Hi,so witch one is better Define R5 or Define C i need cause for next few years.price doesn"t matter thanks! 


  Here are sam specs


define 5 : 
*Specifications*

ATX, Micro ATX, Mini ITX motherboard compatibility
7 expansion slots
2 - 5.25" bays (removable)
8 - 3.5" HDD positions (can also accommodate 2.5" units); 2 - 2.5" dedicated SSD unit positions
4 - ModuVent™ plates - three in the top and one in the side
9 - fan positions (2 Fractal Design Dynamic GP14 140mm fans included)
Filtered fan slots in the front and bottom
CPU coolers up to 180mm in height
ATX PSUs up to 190/170 mm with a bottom 120/140mm fan installed; when not using any bottom fan location longer PSUs up to 300mm can be used
Graphics cards up to 310 mm in length with the top HDD cage installed; with the top cage removed, graphics cards up to 440 mm in length may be installed
20 - 35 mm of space for cable routing behind the motherboard plate
Velcro straps included for easy cable management
Front door can switch opening direction via dual mounting system
Left side panel features Quick Release System for easy access and provides a secure closure of side panel
Right side panel features smart captive thumbscrews so no thumbscrews are lost
Colours available: Black, Titanium (black case, titanium front panel), White
Case dimensions (WxHxD): 232 x 451 x 521mm
Case dimensions - with feet/screws/protrusions: 232 x 462 x 531mm
Net weight: 10.7 kg
Package dimensions (WxHxD): 327 x 615 x 540mm
Package weight: 12.5 kg


define c:
*Specifications*

ATX, Micro ATX and ITX motherboard compatibility
7 expansion slots
2 - 3.5" HDD positions; 3 - 2.5" dedicated SSD unit positions
7 - Fan positions (2 Fractal Design Dynamic X2 GP12 120mm fans included)
Filtered fan slots in the front, top and bottom (ejects from the front of the case)
CPU coolers up to 170mm in height
ATX PSUs up to 175mm deep
Graphics cards up to 315mm in length with front fans mounted  
15 - 35mm of space for cable routing behind the motherboard plate
Velcro straps included for easy cable management
Both side panels and rear HDD/SSD brackets feature smart captive thumbscrews
Dense sound dampening material on front, left and right side panels
ModuVent™ on top of case for further silent computing or additional ventilation
Colours available: Black
Case dimensions (LxWxH): 399 x 210 x 440mm
Case dimensions - with feet/protrusions/screws: 413 x 210 x 453mm
Net weight: 7.4 kg
Package dimensions (LxWxH): 543 x 290 x 484mm
Package weight: 8.9 kg


----------



## Bill_Bright (Nov 24, 2016)

They are both top quality so really only you can decide with is better for you.


----------



## Jetster (Nov 24, 2016)

The R5 but if price doesn't matter I can think of better cases

http://www.newegg.com/Product/Produ...rc=aw.ds&cm_sp=&AID=11552995&PID=2012219&SID=

http://www.newegg.com/Product/Product.aspx?item=N82E16811108480


----------



## Vayra86 (Nov 25, 2016)

Jetster said:


> The R5 but if price doesn't matter I can think of better cases
> 
> http://www.newegg.com/Product/Produ...rc=aw.ds&cm_sp=&AID=11552995&PID=2012219&SID=
> 
> http://www.newegg.com/Product/Product.aspx?item=N82E16811108480



Isn't the IN WIN both noisier and worse in temps? Tempered glass really isn't the best case material. They look good, though.


----------



## Bill_Bright (Nov 25, 2016)

You need to define your needs so, as I said above, you can decide which is best for you.

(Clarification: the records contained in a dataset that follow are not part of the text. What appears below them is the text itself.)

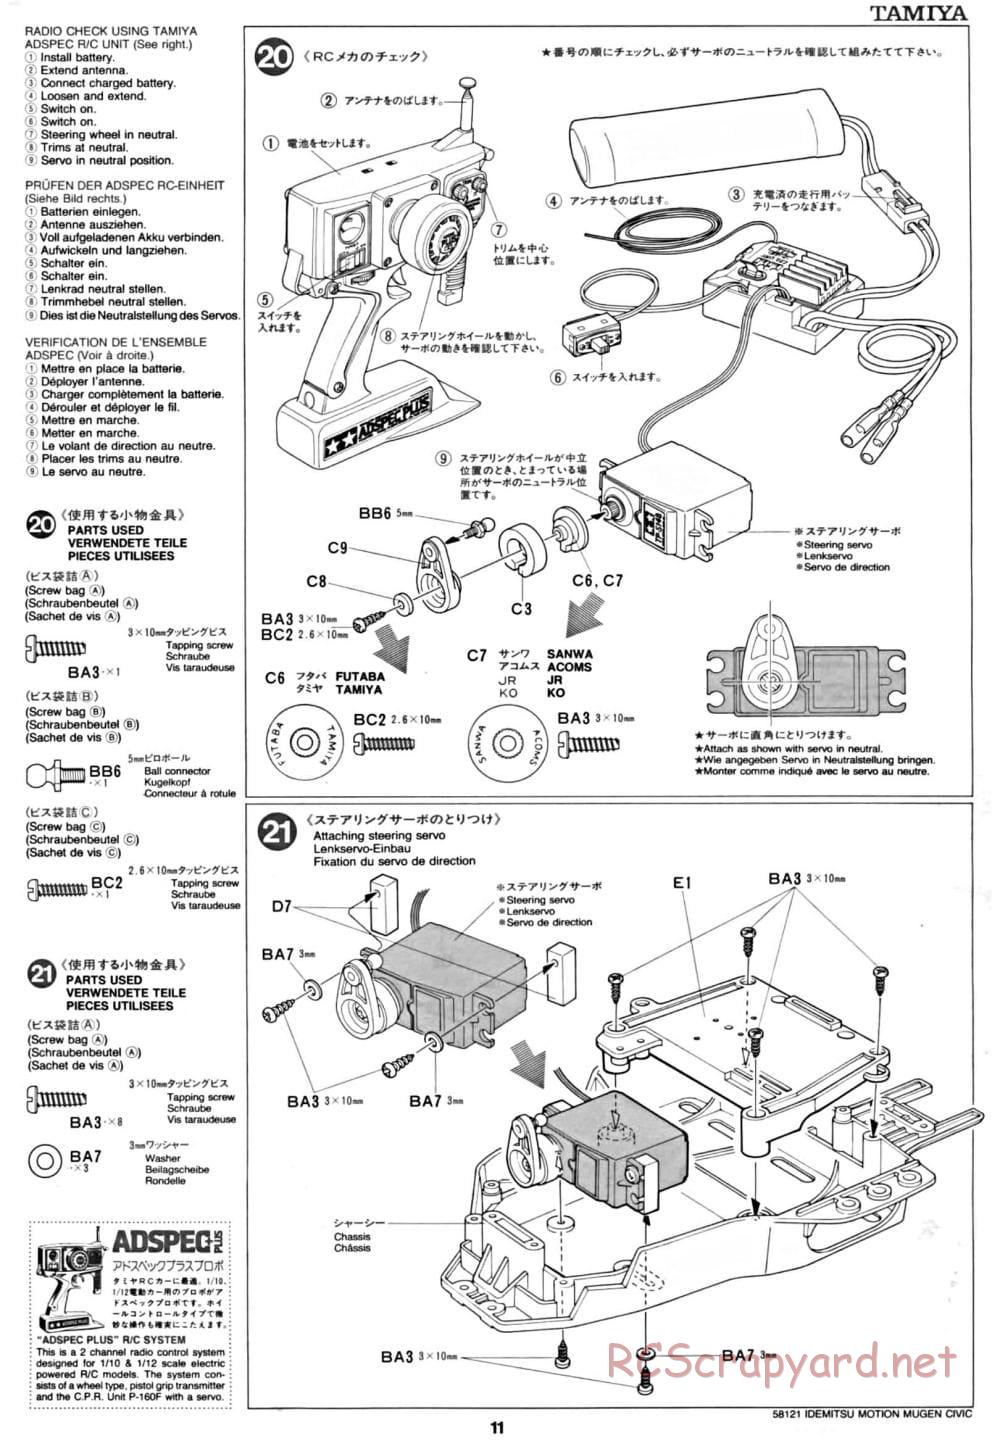 Tamiya - Idemitsu Motion Mugen Civic - FF-01 Chassis - Manual - Page 11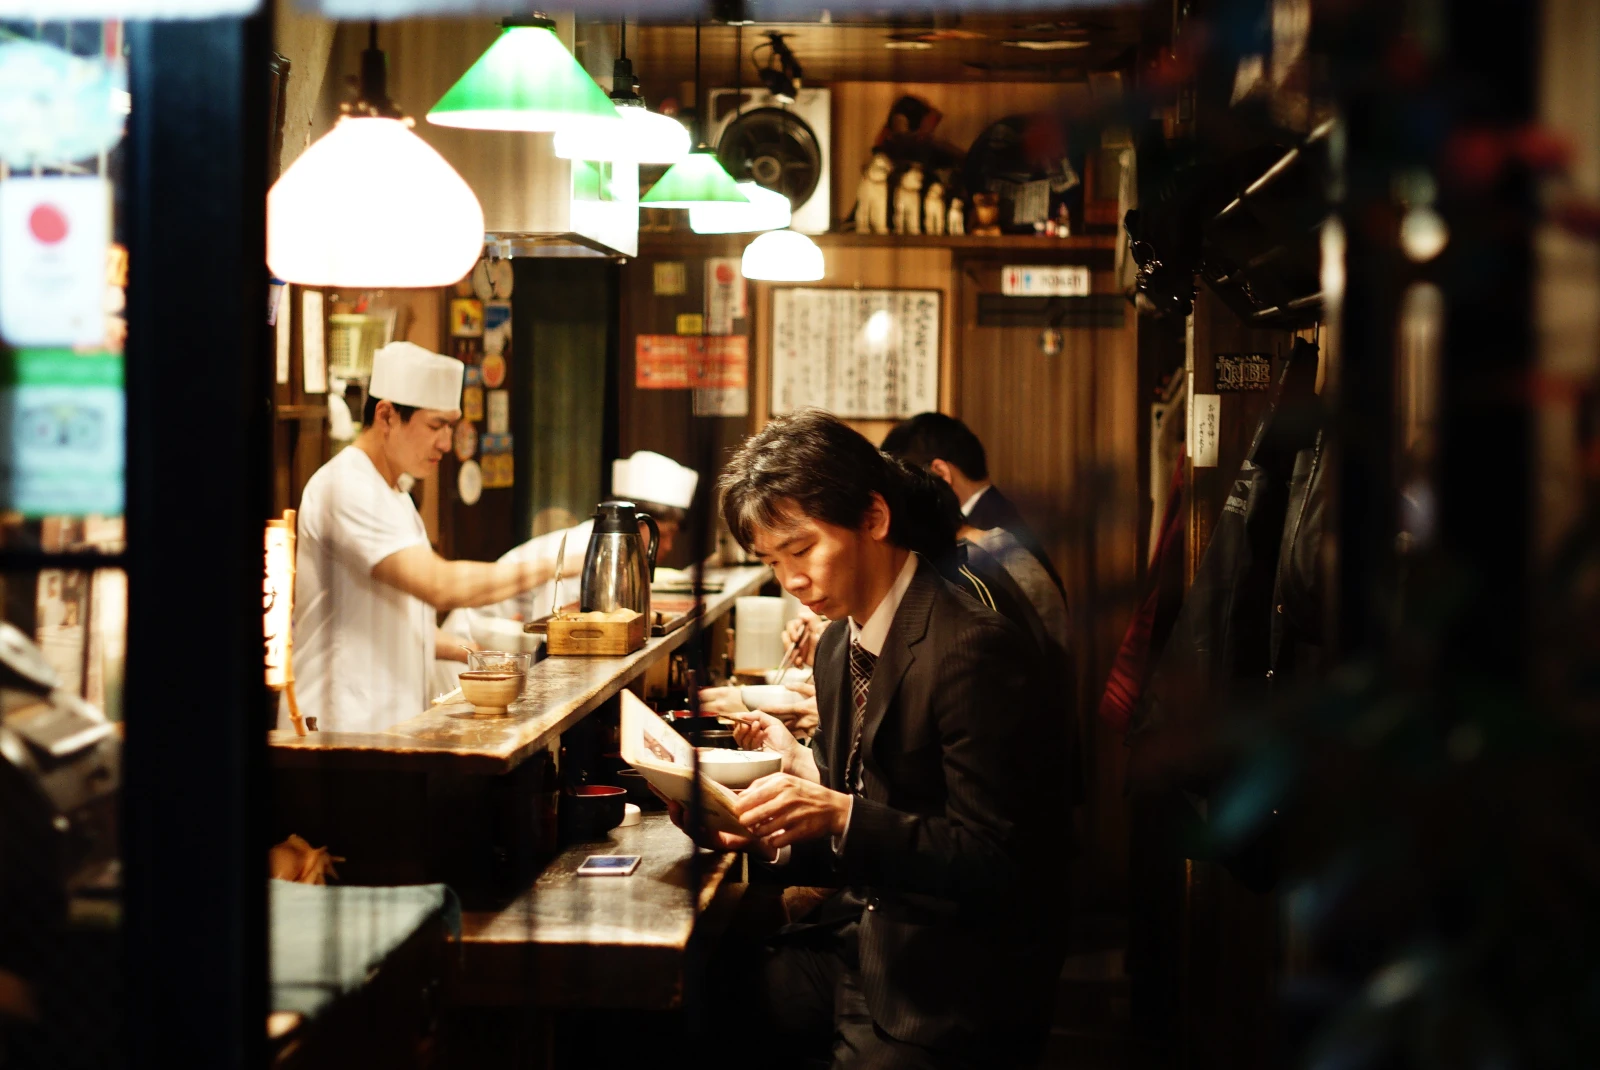 Man sitting at restaurant bar under bright lights with chef in white hat preparing food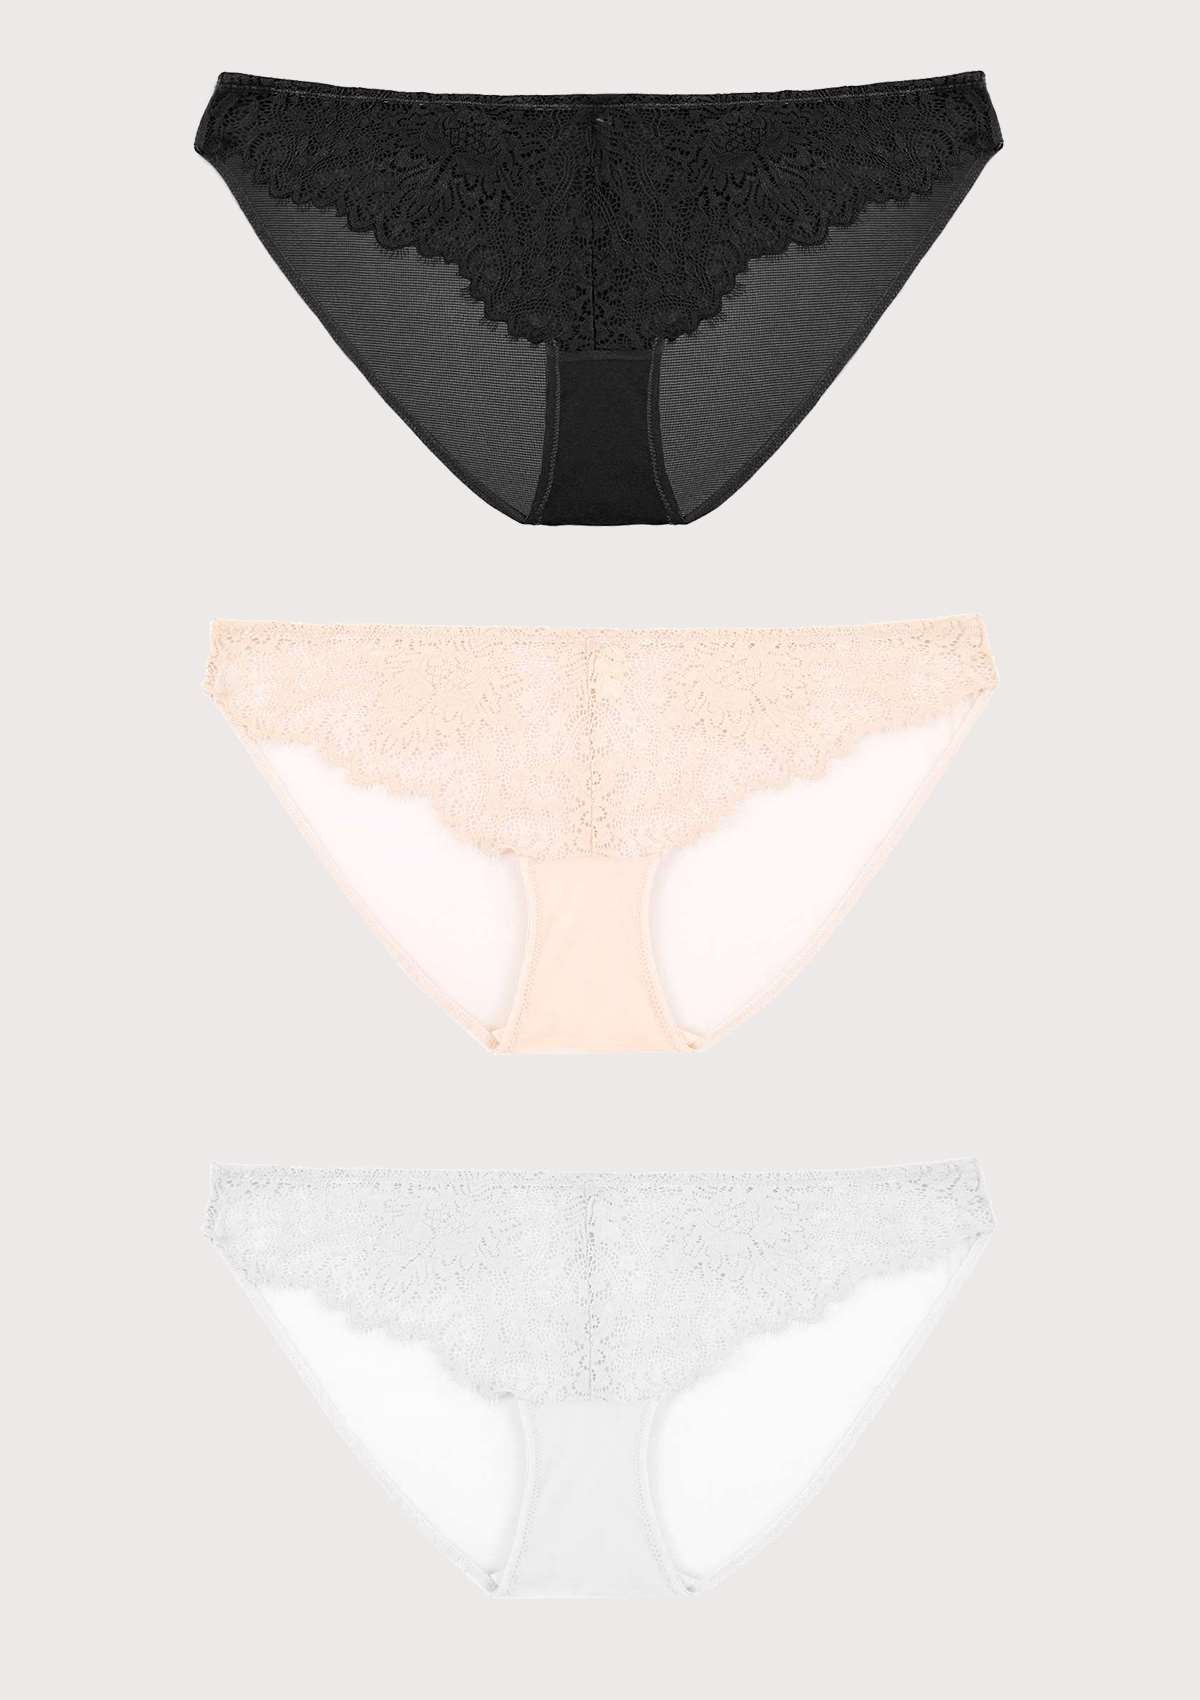 HSIA Sunflower Exquisite Lighweight Soft Lace Bikini Panties 3 Pack - L / Black+White+Pink

I don't think you need to look elsewhere. I really like Fractal Design cases and am using the R4 on this build. As I said above, both are top quality.

I still like having case front drive bay access for an optical drive. There seems to be a trend for no front access to drives which I think is sad. Without front access, like the Define C, users are forced to use an external DVD/Blu-ray drive for their optical disk needs. Whether that means installing the OS or other programs, backing up files, or watching a DVD or Blu-Ray movie, the user must deal with at least one, maybe two (for power) cables. And the user must deal with where to put the drive on an already crowded desktop. Plus, the data cable for external drives use the unreliable USB interface.

With a case that supports front panel drive bay access, like the R5, you just open the front panel door and there's your drive. No worries about cables or where to put (or store afterwards) the optical drive. And more importantly, it is connected via the fast and reliable SATA interface, and powered via a permanently connected internal power cable.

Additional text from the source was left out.